Exercise requirements » Only the lines from the one that contains "Blackberries with lemon zest in baking dish." to the last line below, both included, should be transcribed. Pictures stay out of the copy.

#### Raw data

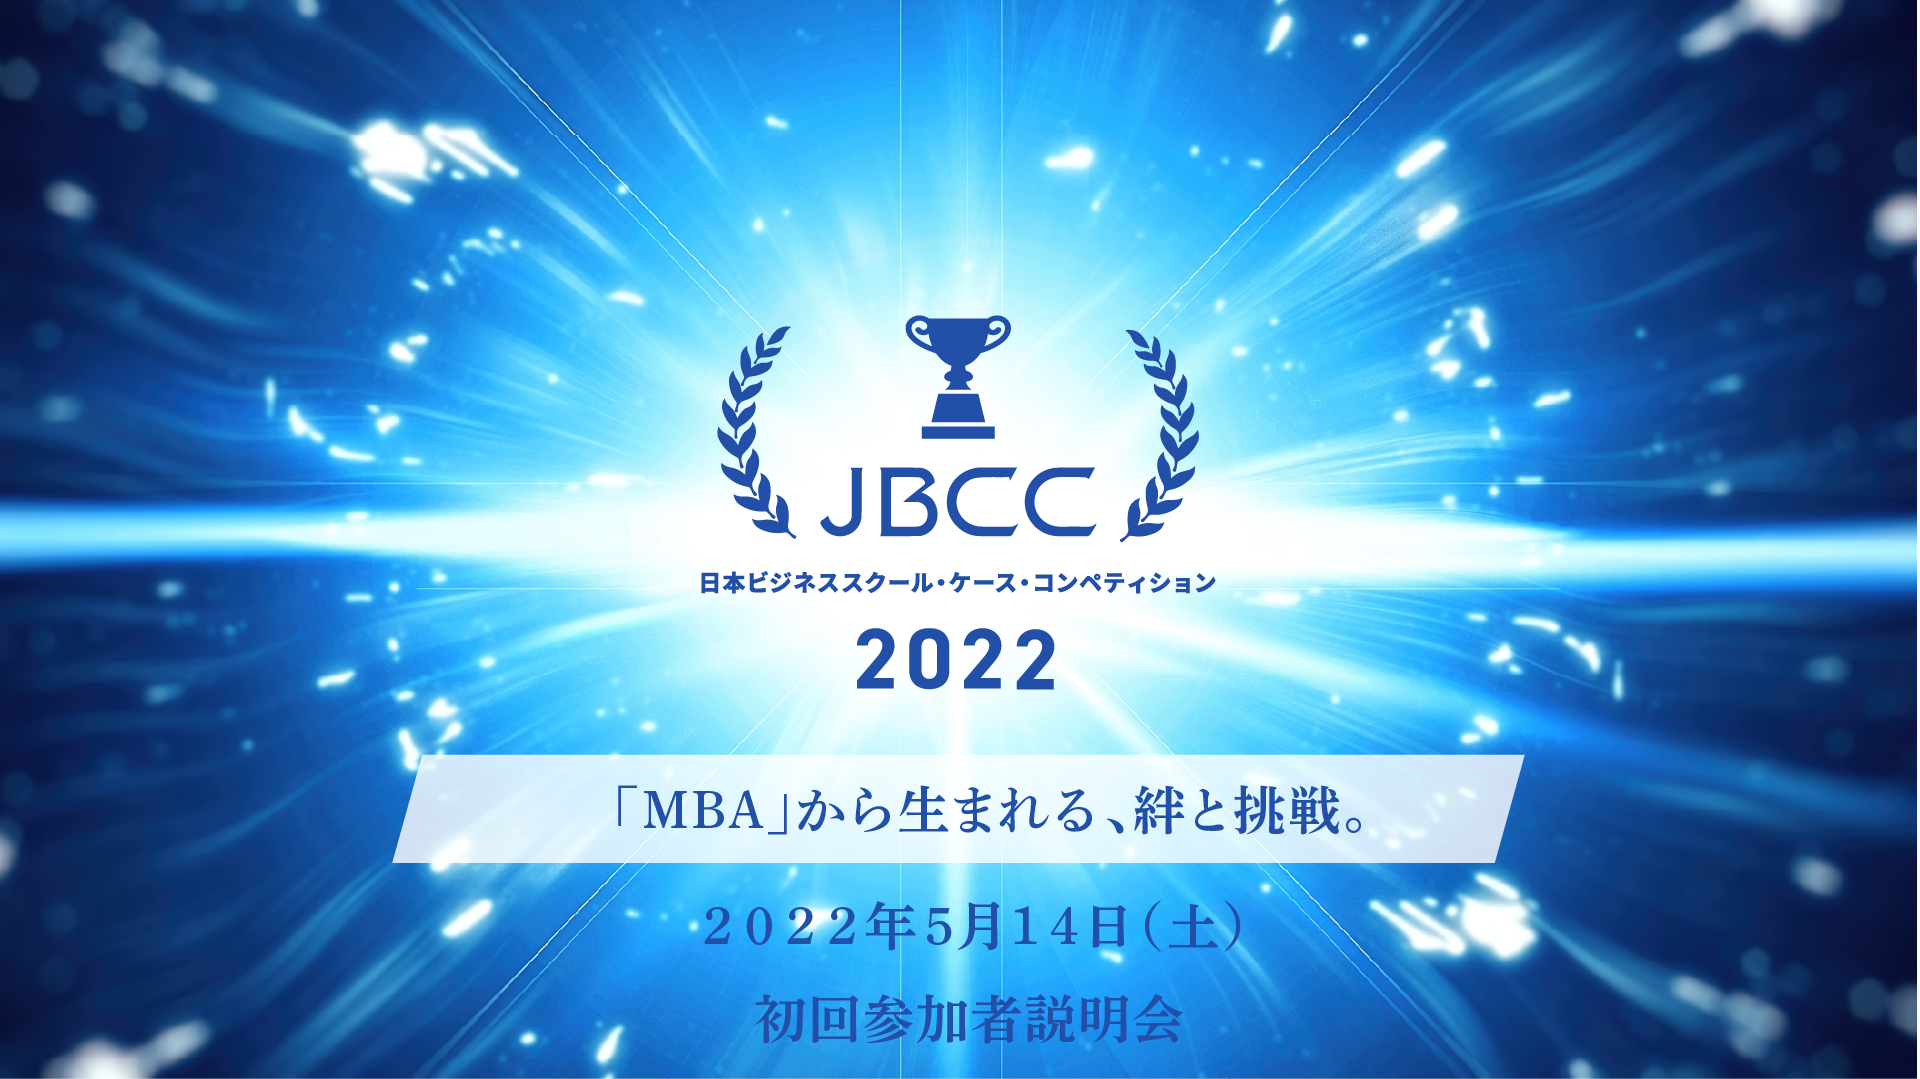 JBCC2022 初回参加者向け説明会（5 月14 日）のお知らせ
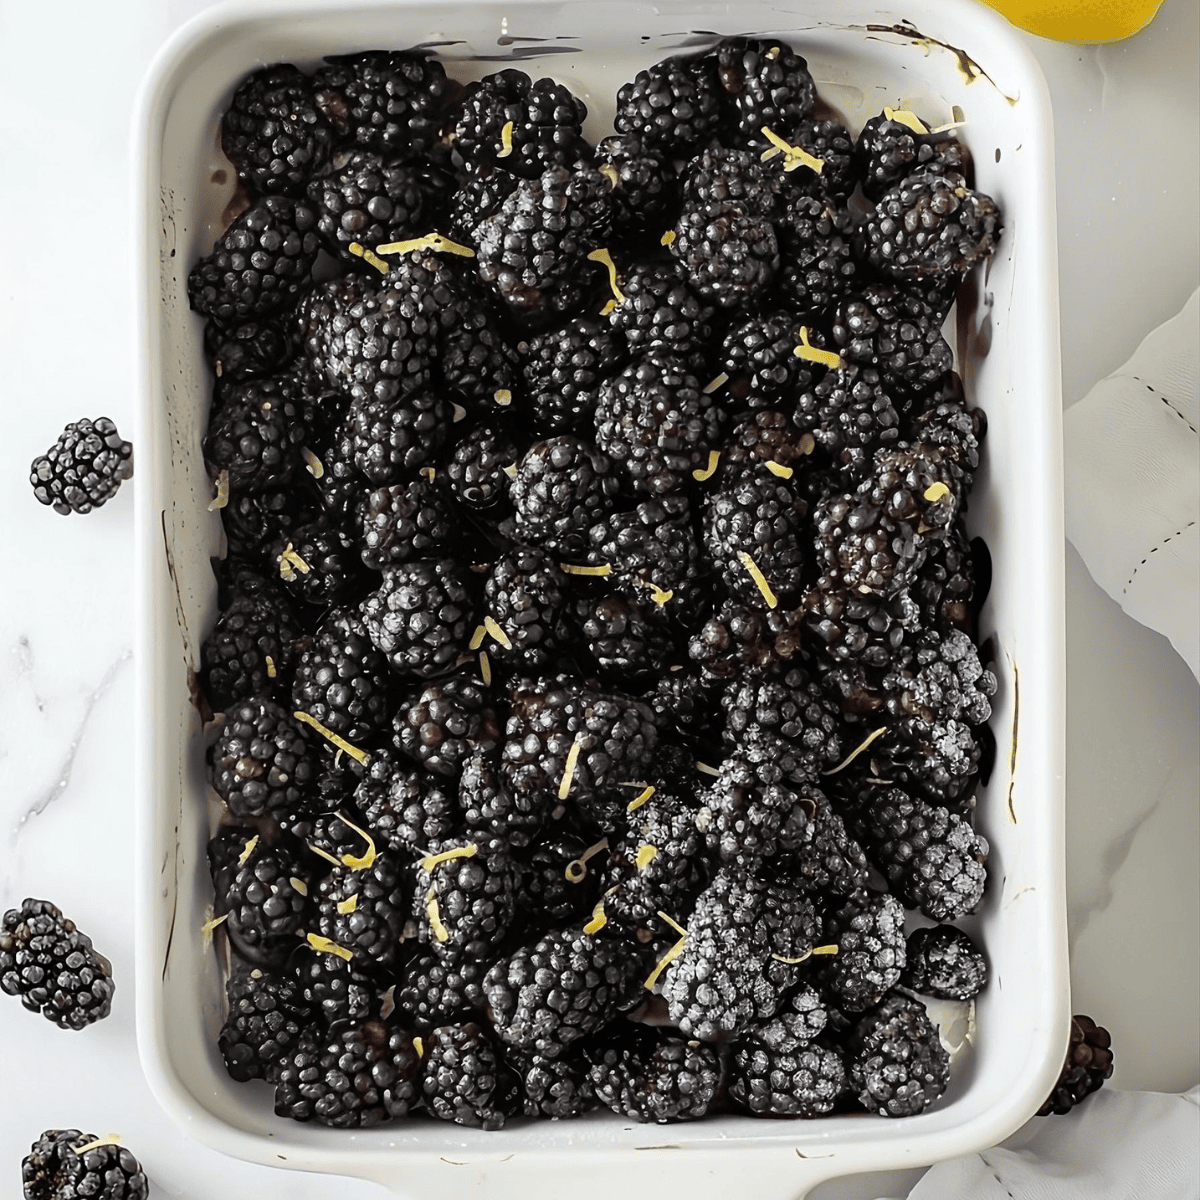 Blackberries with lemon zest in baking dish.
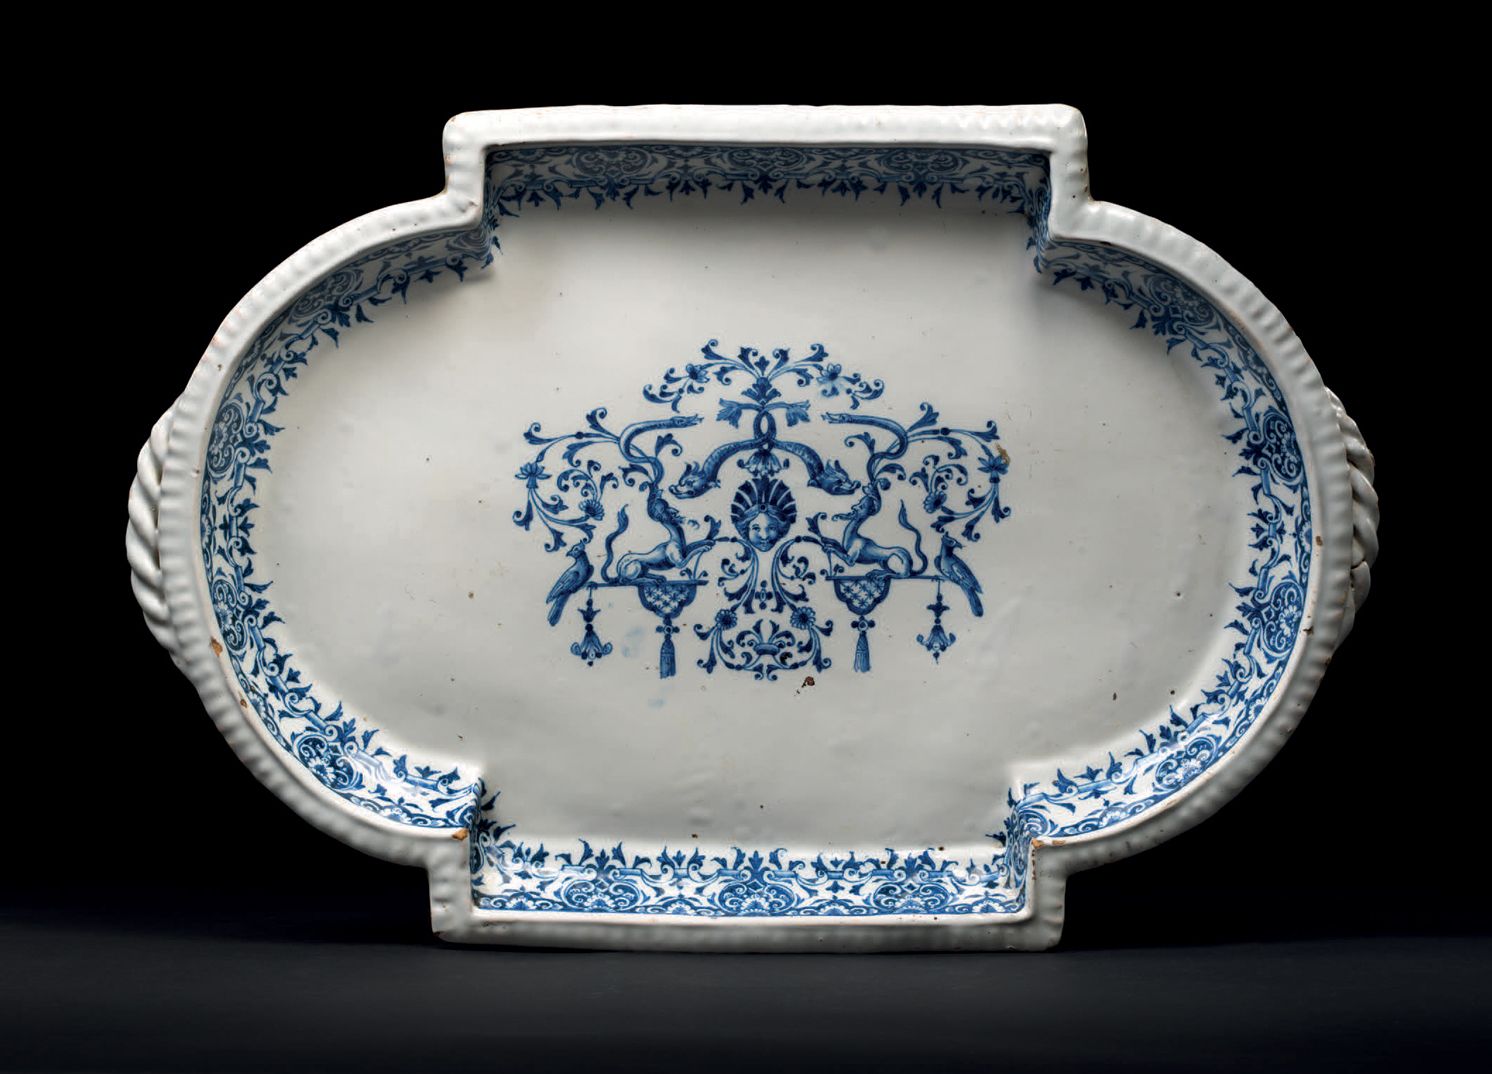 Null 大型彩绘盘 Moustiers，Clérissy工厂，约1715-1720
陶器，蓝色彩绘装饰
保存完好
35 x 51 cm
出处
巴黎私人收藏，自&hellip;
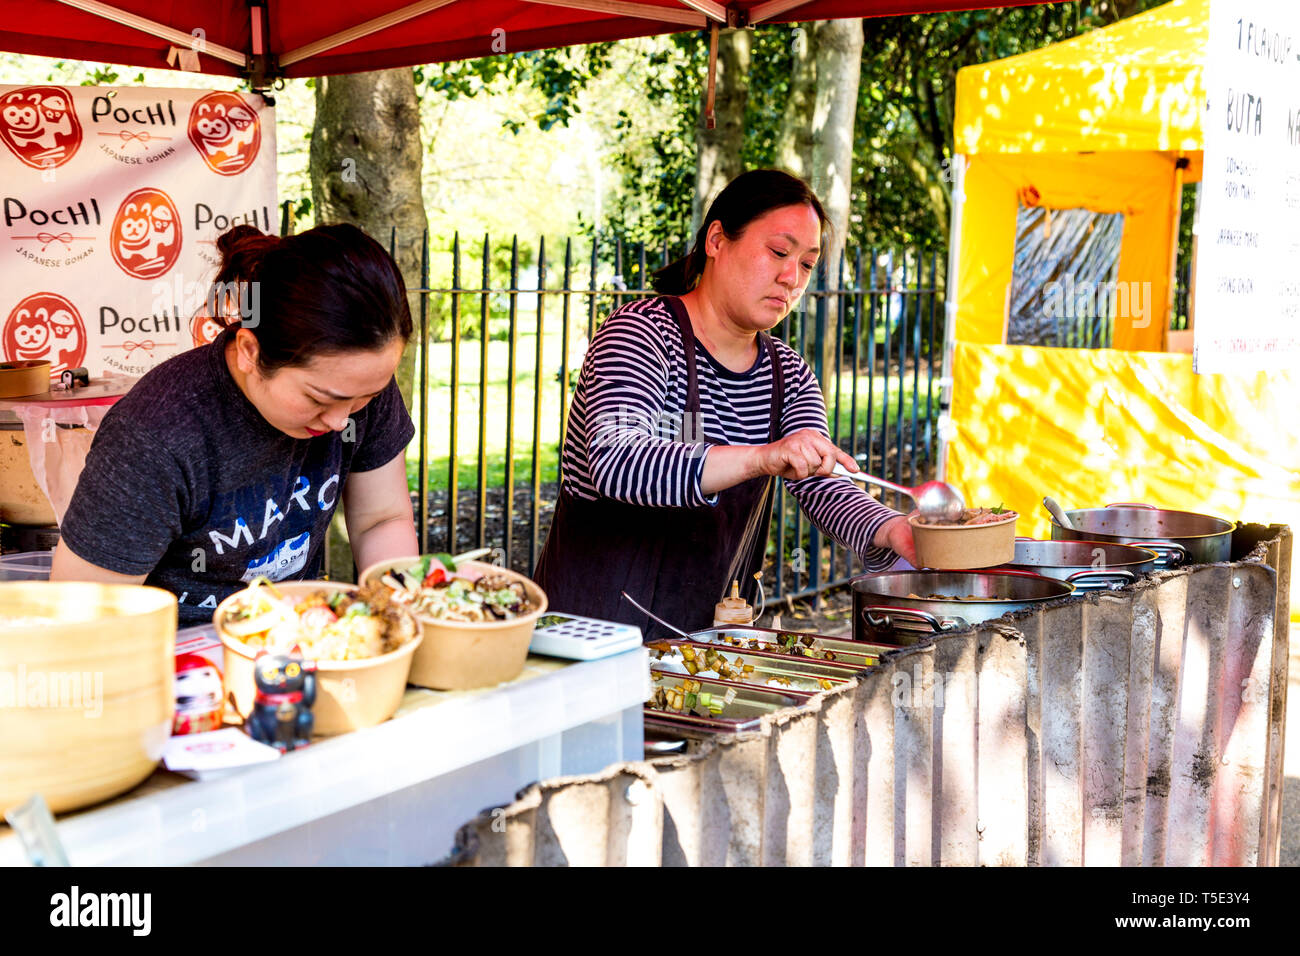 L'alimentation de rue japonais pochi, femme bols à riz bento au marché de Victoria Park, London, UK Banque D'Images

########

Solved problem »
 Blackberries with lemon zest in baking dish.
 Null 大型彩绘盘 Moustiers，Clérissy工厂，约1715-1720
陶器，蓝色彩绘装饰
保存完好
35 x 51 cm
出处
巴黎私人收藏，自&hellip;
 L'alimentation de rue japonais pochi, femme bols à riz bento au marché de Victoria Park, London, UK Banque D'Images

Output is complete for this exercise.